**ENTRIES SHOWN:**

•••

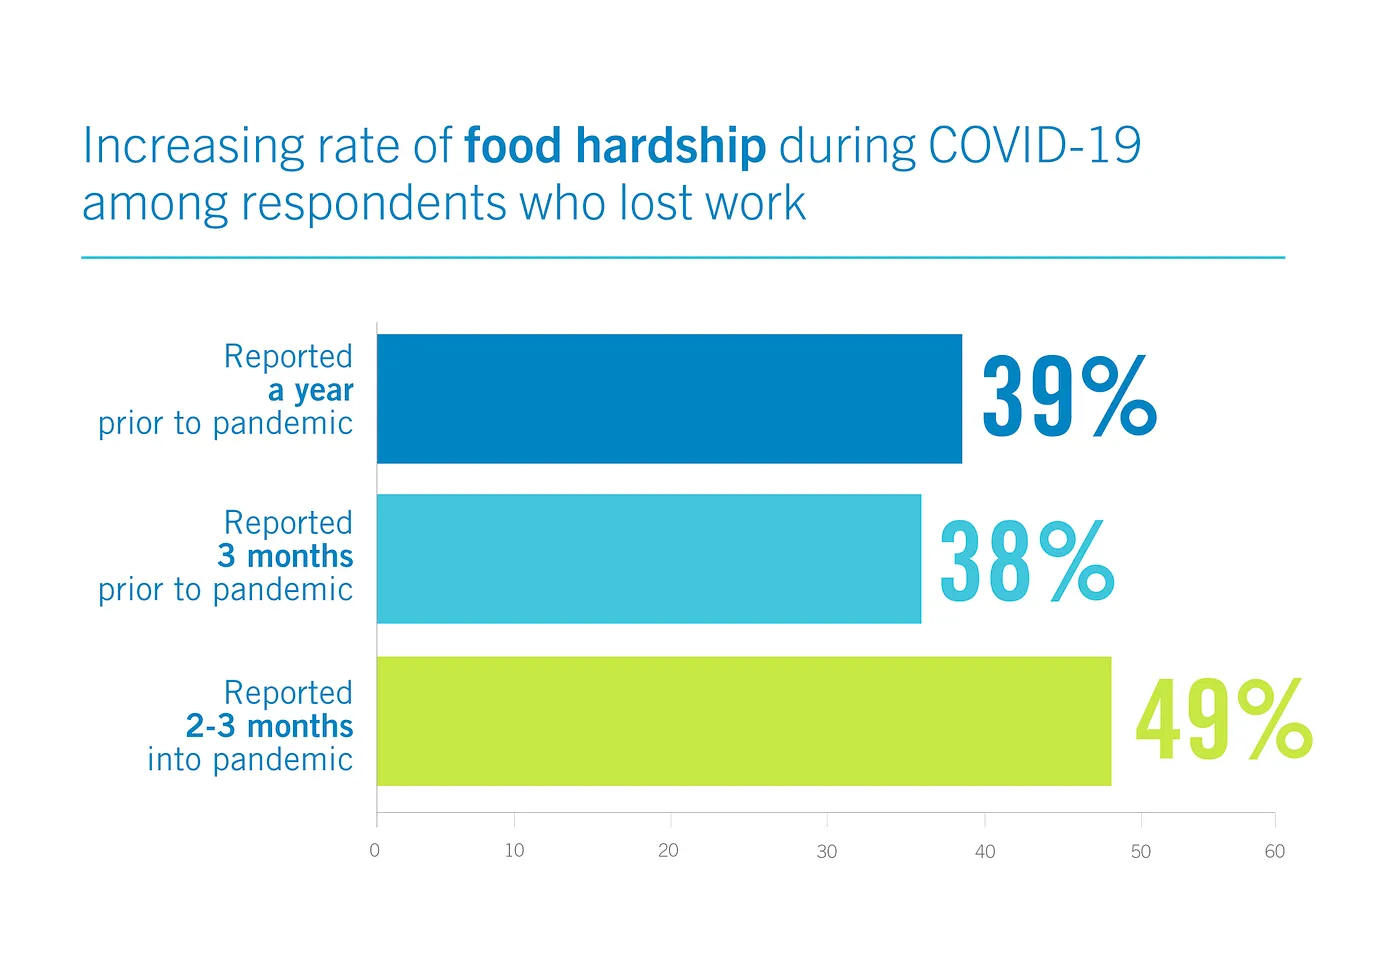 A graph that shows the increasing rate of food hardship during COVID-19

•••

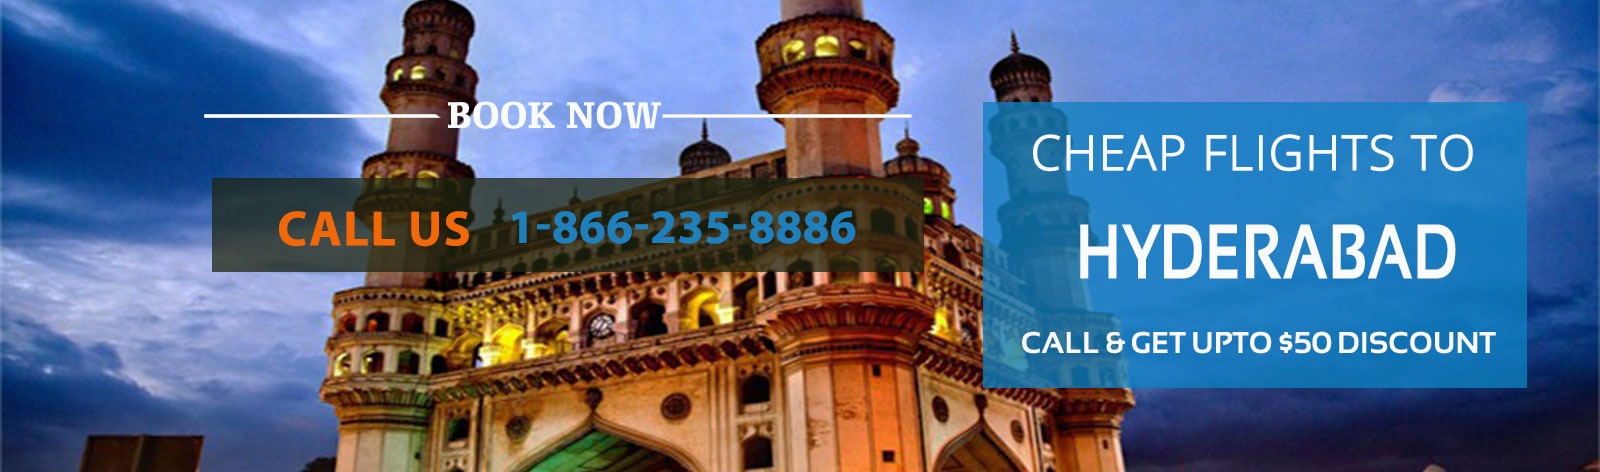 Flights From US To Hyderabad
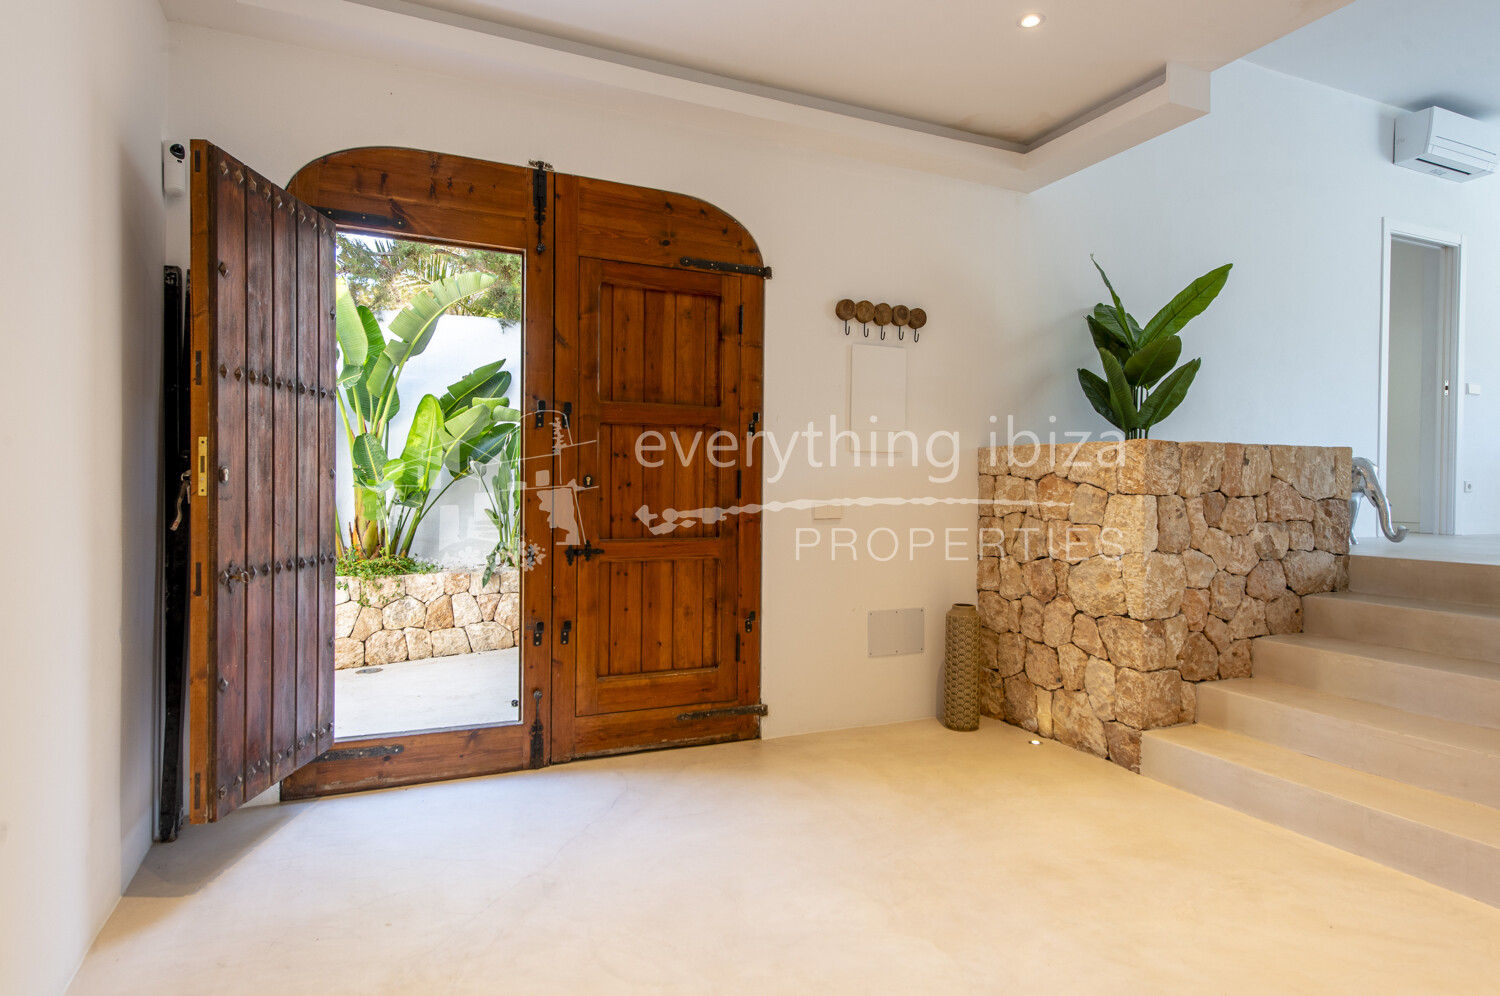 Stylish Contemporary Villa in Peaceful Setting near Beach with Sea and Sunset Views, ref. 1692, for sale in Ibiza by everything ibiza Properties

•••

**TO DO:**
In the data above, take the line with "Flights From US To Hyderabad", the line with "Stylish Contemporary Villa", and every line between, and set them down exactly without pictures.

**WRITTEN RESPONSE:**
 Flights From US To Hyderabad
 Stylish Contemporary Villa in Peaceful Setting near Beach with Sea and Sunset Views, ref. 1692, for sale in Ibiza by everything ibiza Properties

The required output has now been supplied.